Джонни Данн не был склонен к шуткам.

— Я считаю нашу беседу законченной, мистер Китинг, — сказал он. — Дальнейшие разговоры с вами я бы хотел вести только в присутствии моего адвоката, — он подошел к двери.

Прокурор тоже поднялся, но, прежде чем выйти, спросил:

— У меня еще только один вопрос, Данн. Вы уже имели судимости?

— Да. За пустяк. Стычка в баре, — ответил Данн.

— И сколько вы получили за этот пустяк?

— Девятнадцать месяцев, но вы, прокурор, и без меня узнаете об этом.

— Да, я припоминаю. А больше ничего не было?

Джонни Данн вместо ответа открыл дверь. Китинг стал медленно выходить и бросил:

— А вы не сидели еще пять лет в «Синг-Синг» за контрабанду наркотиков?

Сзади его чуть не ударила дверь — с такой яростью Джонни Данн захлопнул ее.

В принципе Китинг не продвинулся дальше ни на шаг. Ведь ему было уже известно, что Джонни Данн — это гангстер, имевший много судимостей, и что Вито Дженовезе вызволил его из тюрьмы лишь потому, что требовался надежный человек на одну из должностей в портовом профсоюзе. Но все это далеко не было доказательством того, что Данн убил Антони Хинтца.

Пока Хинтц не признает, что в него стрелял Данн, Китинг ничего не мог предпринять.

В этот и следующий день Китинг ежечасно звонил в больницу. Состояние смертельно раненного докера оставалось неизменным. Хинтц еще жил, но не мог отвечать на вопросы. И лишь на четвертое утро после нападения врач сказал Китингу:

— Если вы хотите попытаться еще раз, то приходите сейчас. Хинтц в полном сознании, но долго он не протянет.

В сопровождении капитана Хаммилса, судебного стенографа и детектива лейтенанта Салливенса Китинг помчался в больницу.

Дежурная сестра смотрела на Китинга как на убийцу, когда он со своим штабом вошел в палату. Китинг выпроводил медсестру из комнаты и начал допрос.

Антони Хинтц выглядел ужасно. Лишь глаза лихорадочно блестели.

Китинг начал с обычных вопросов о личности: фамилия, дата рождения, адрес. Он должен был задать их, чтобы получить подтверждение, что Хинтц еще находился в полном сознании. Затем он спросил:

— Анди, оставили ли вы всякую надежду выжить?

Антони Хинтц кивнул и прошептал:

— Да, у меня нет больше никакой надежды.

— Анди, вы ведь католик. Пригласили ли вы священника?

— Да, он был здесь сегодня ночью.

— Вы уже приняли соборование?

— Да, сегодня ночью.

«Этого закону будет достаточно», — подумал Китинг.

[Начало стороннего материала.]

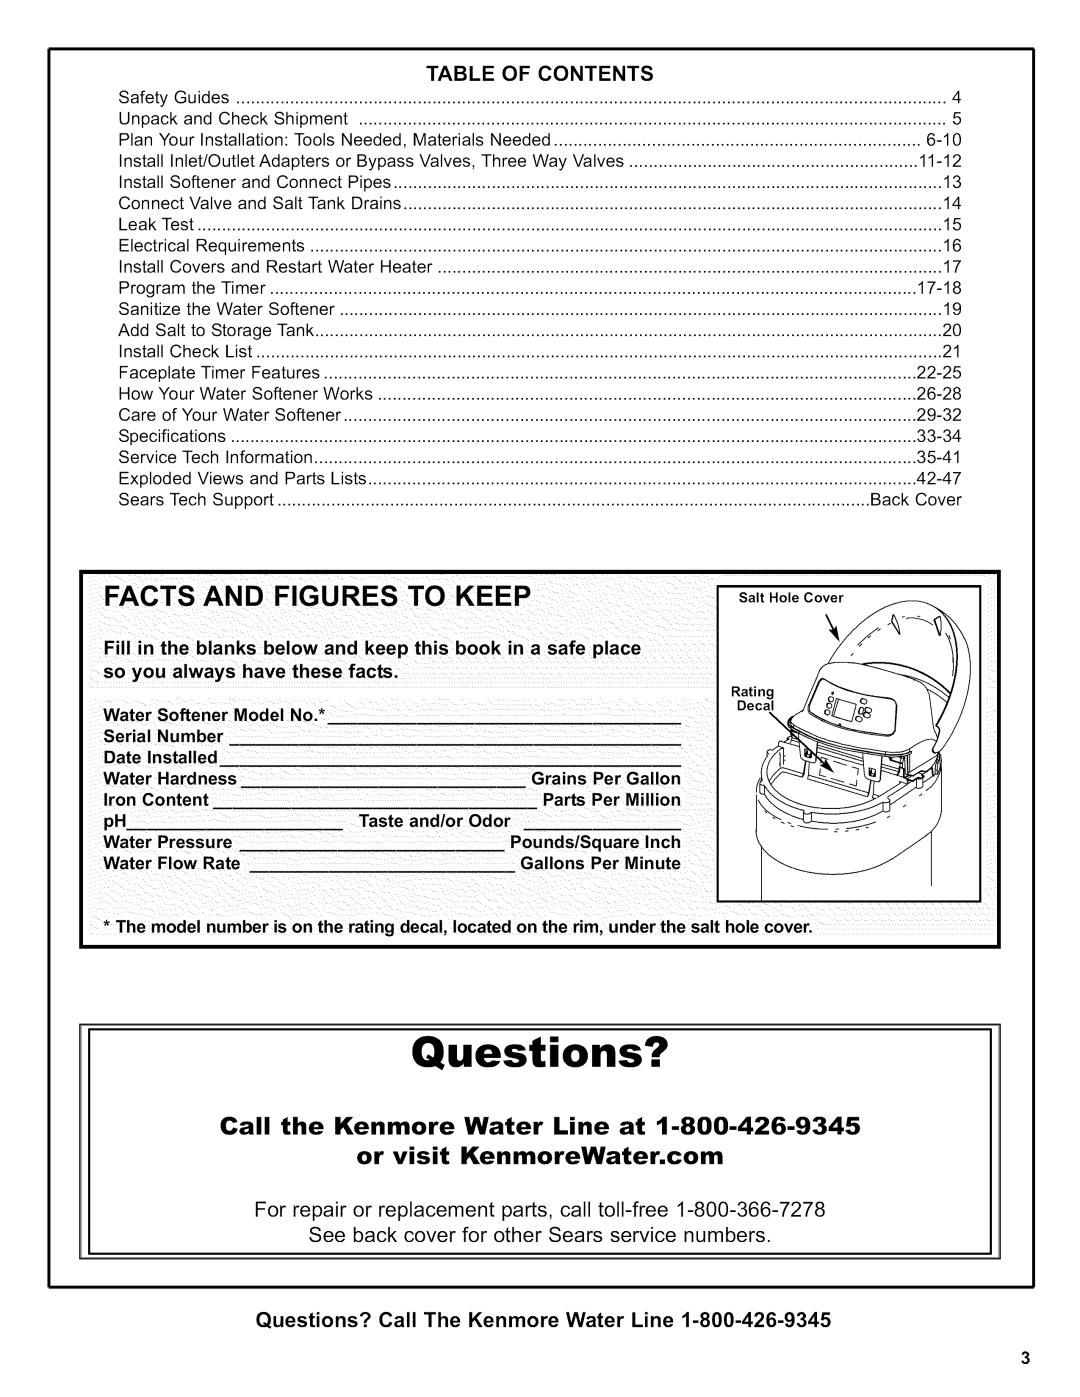 Kenmore 625.38376 Questions?, Call the Kenmore Water Line at or visit KenmoreWater.com, Of Contents, Softener Model

— Анди, кто стрелял в вас в среду, восьмого января, у дома номер шестьдесят один по Гроув-стрит? Скажите нам теперь, перед лицом смерти, правду.

Находящийся при смерти докер опять заколебался, но потом, наконец, прошептал:

— Это был Джонни Данн. Но защитите мою жену.

— Разумеется, Анди. Мы пошлем ее в деревню, пока Данн не будет осужден. Но вы должны сказать нам больше. Сколько выстрелов произвел в вас Данн?